All playbooks
AI engineering
25 min read

Building a Claude-powered receipt scanner

Receipt extraction is the boring, useful, perfectly-shaped first AI project. It has a clear input, a clear output, an enormous amount of variation, and an obvious win. Here is the production version I have shipped twice.

Why this is the right "first AI tool"

Every business with more than a few employees has receipts piling up somewhere — Dropbox, an inbox, a shoebox.

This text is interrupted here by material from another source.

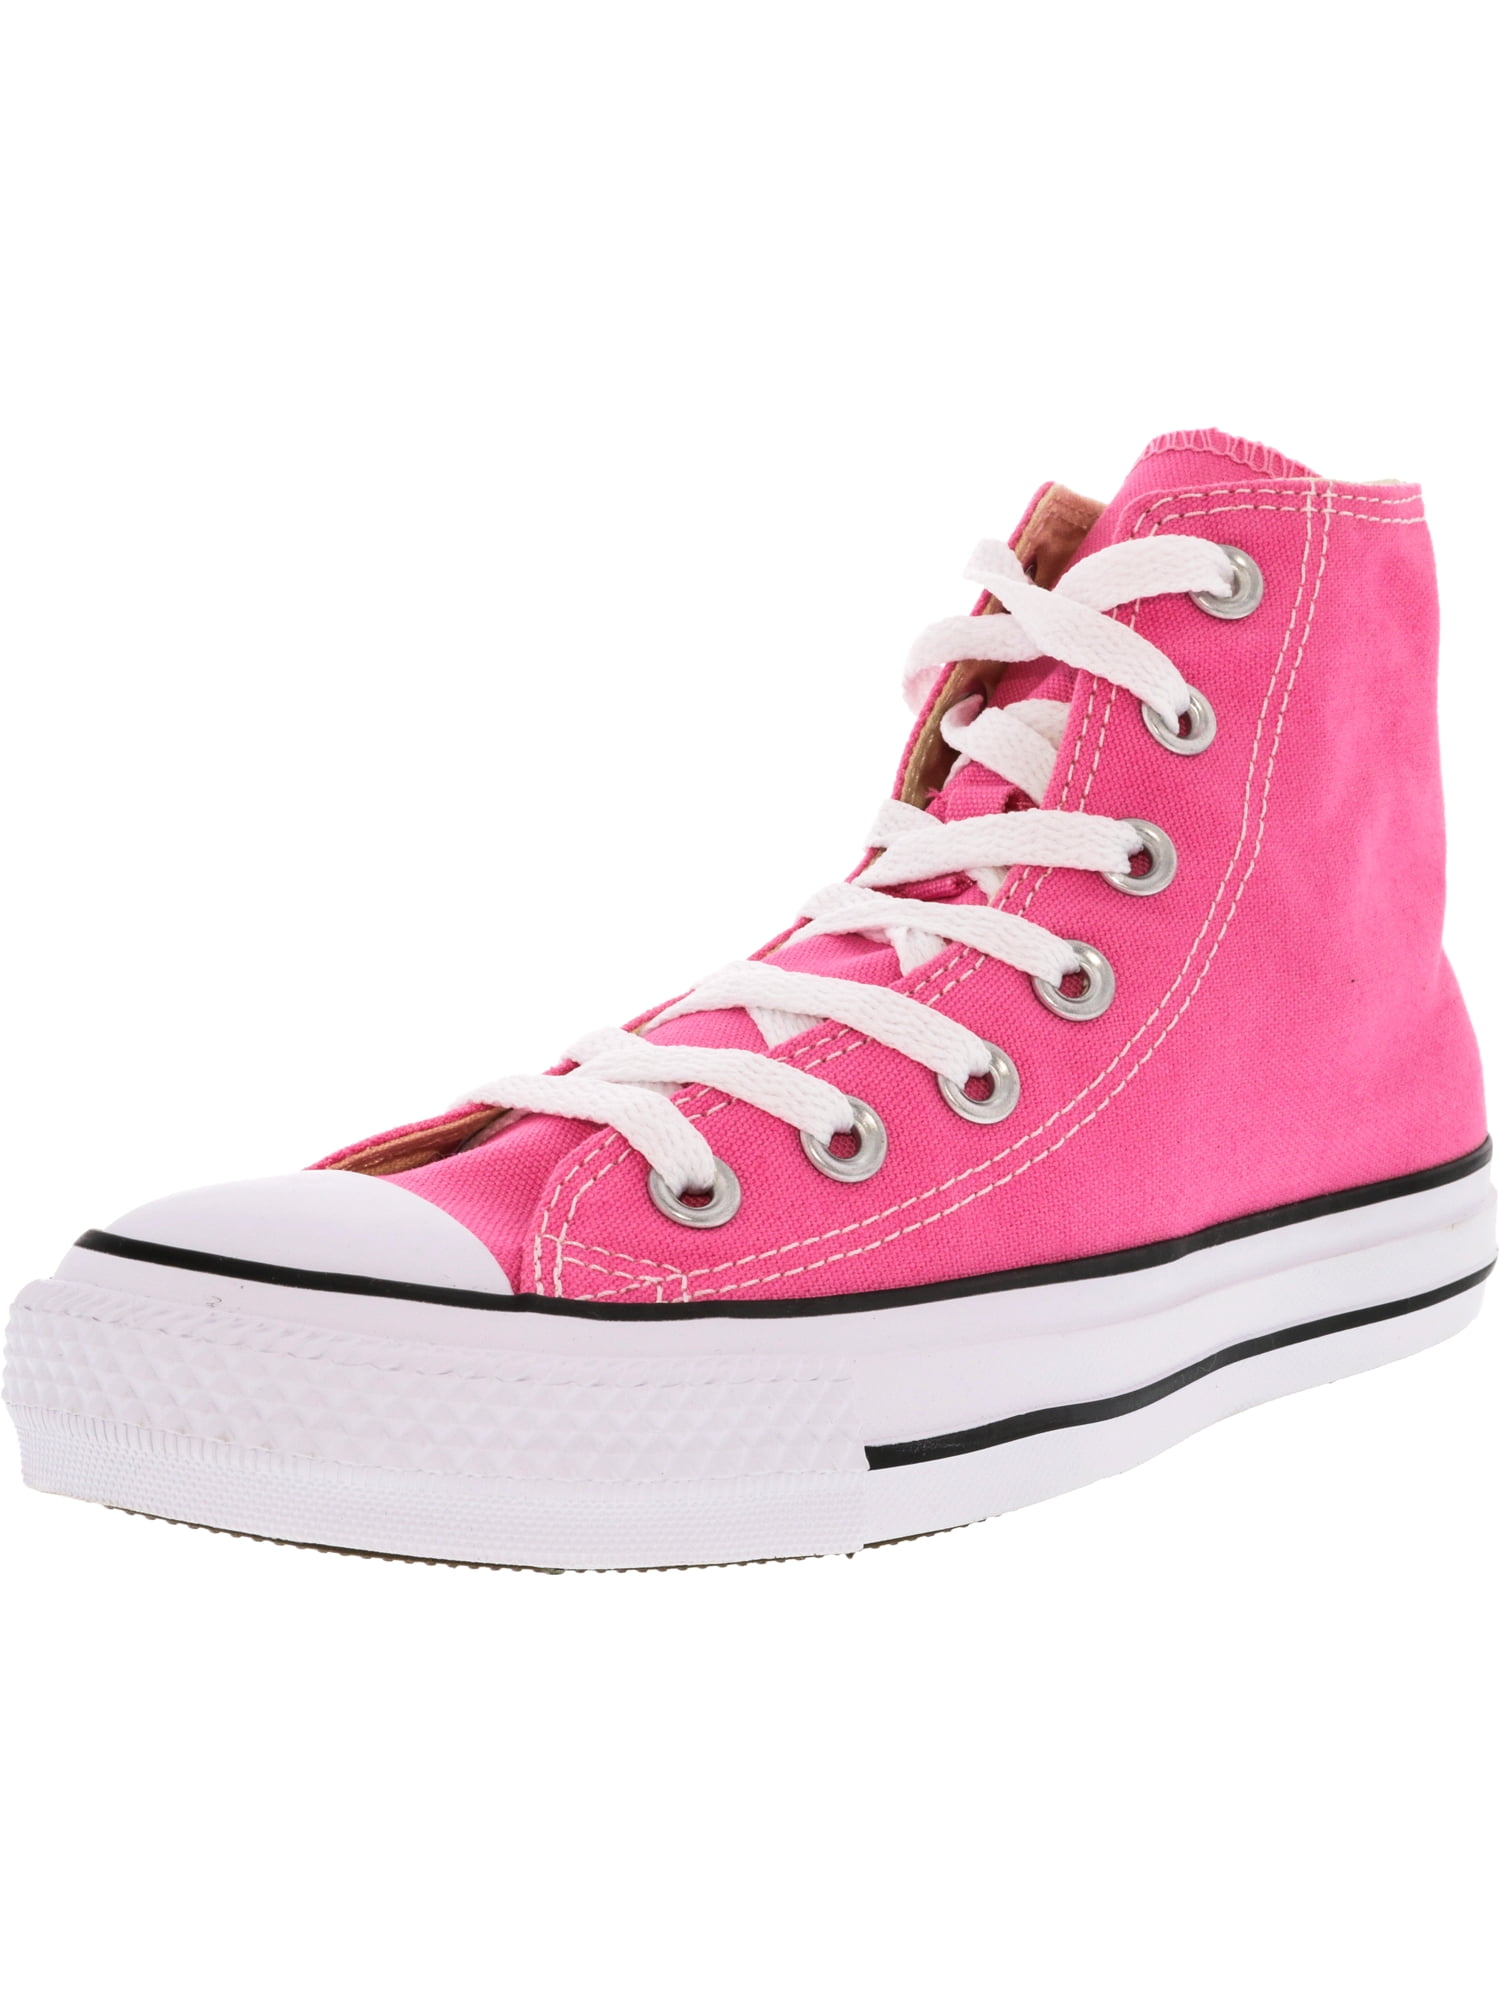 pink converse adult

Someone, usually the wrong someone, types them into a spreadsheet. The cost of this work is invisible until you measure it; once you do, it is always more than you thought.

A Claude-powered scanner that takes a photo or PDF, returns a structured row, and writes it into Supabase removes that work. It is a perfect "first LLM project" because: the input is bounded, the output is structured, the failure modes are visible, and the value is denominated in hours saved per month.

Pick a problem where the LLM is the smallest interesting part of the system. Build the dull plumbing well.

Shape of the system

Three components. Keep them simple.

  • An ingest endpoint. Accepts a file (image or PDF), stores it in Supabase Storage, queues a job.
  • A worker. Pulls the job, sends the image to Claude with a tool definition, parses the structured response, validates it, writes a row into the receipts table.
  • A review UI. Lists receipts with a confidence score; humans correct the low-confidence ones.

That review UI is the part most teams skip. Do not skip it. The system is a partnership with humans, not a replacement for them.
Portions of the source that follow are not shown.